We collect and process personal data in accordance with data protection legislation, guidelines provided by data protection authorities, and the good information management and processing practices applied in the financial sector.

Appropriate, secure and careful processing of personal data ensures that no unauthorised use of personal data takes place and that your privacy is not put to risk under any circumstances. Personal data is protected using the appropriate technical and organisational means.

Personal data is only processed by employees who need them for performing their work duties. These employees are bound by an obligation of professional secrecy. The regularly provide training for our personnel and monitor the use of systems that contain personal data. All processing of personal data is strictly confidential, follows good information processing practices and is limited to what is necessary considering the purpose of the personal data.

We only retain personal data as long as it is needed for the purposes mentioned in the privacy statement, or required by legislation or an agreement. We strive to maintain the correctness and currency of the personal data by removing and rendering anonymous any personal data that is no longer necessary, and by updating outdated data.

Personal data is not disclosed to other parties without the consent of the customer, or a legal obligation.
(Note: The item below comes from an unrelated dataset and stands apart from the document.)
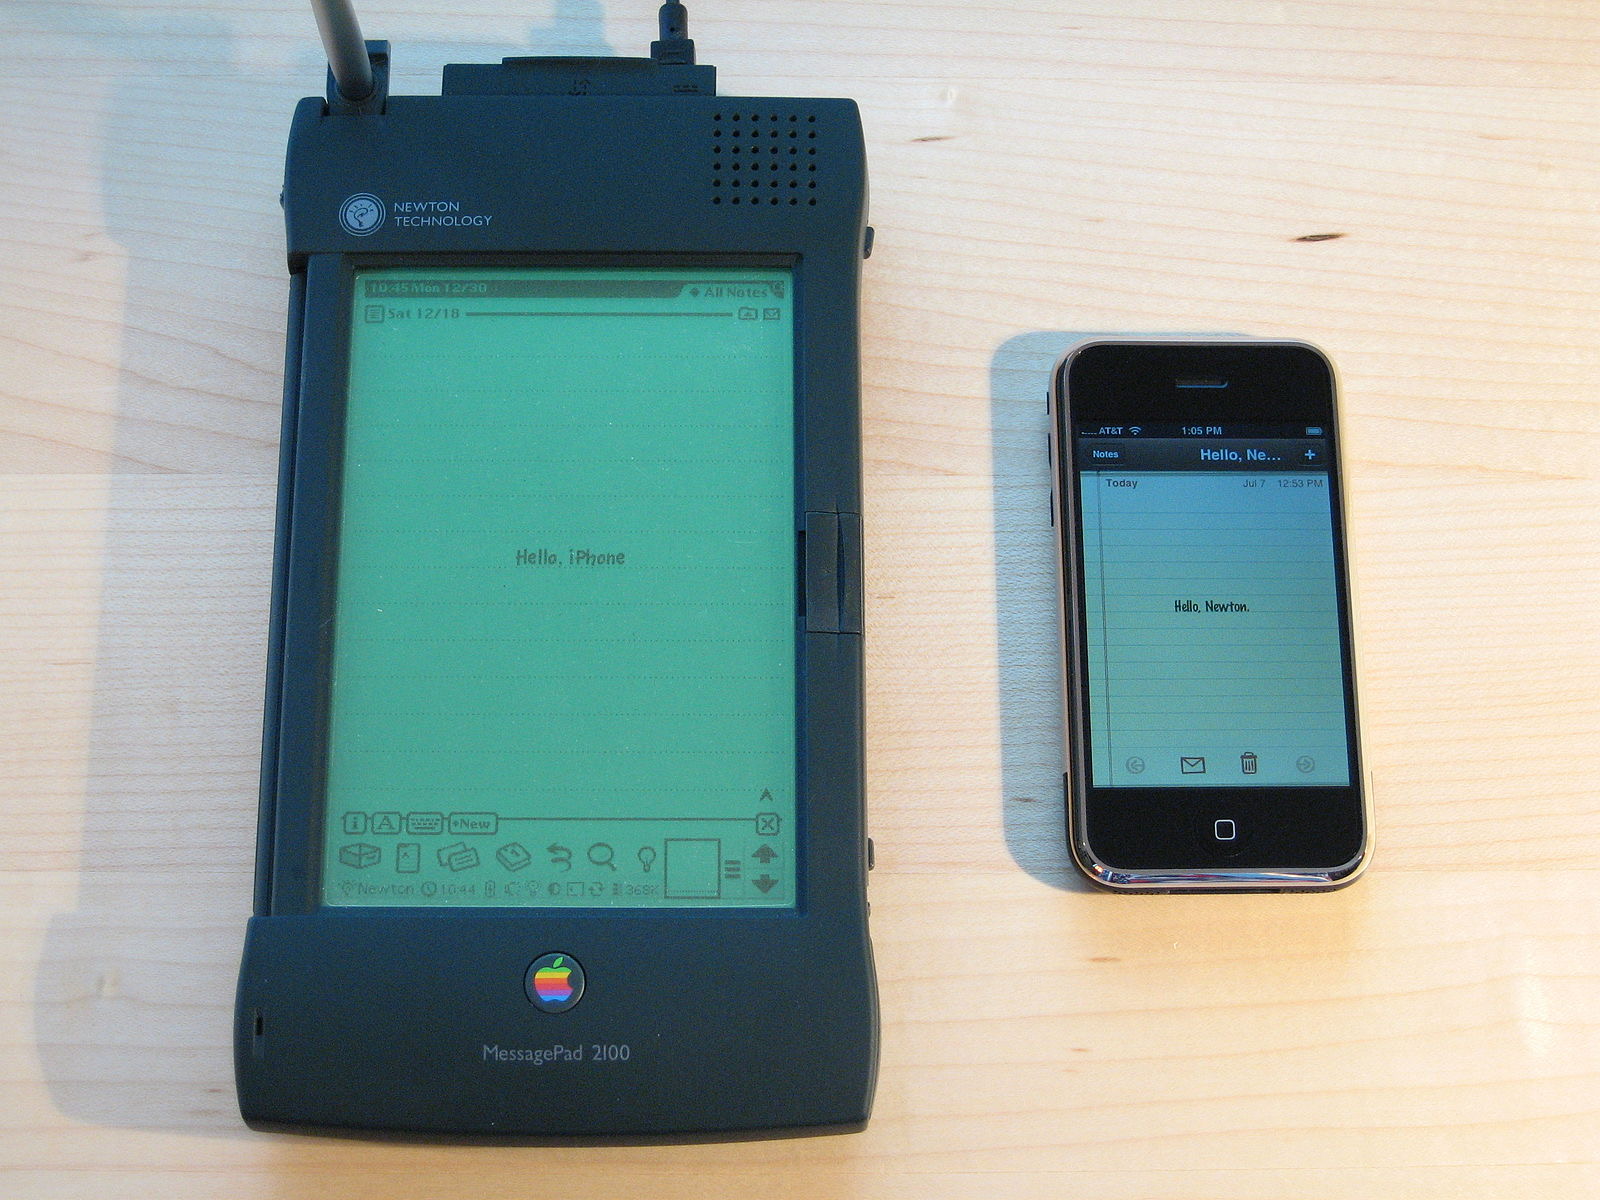 Remembering Apple's Newton, 30 years on | Ars Technica

In the case of any transfers to third countries outside the EU/ETA we manage the adequate level of personal data protection as required by legislation.

If subcontractors are used for processing personal data, we carry the responsibility for the actions of the subcontractors. All service providers that process personal data on our behalf are carefully selected, and the highest possible level of data protection is required from them. Agreements are signed with any subcontractors to commit them to act in compliance with data protection legislation.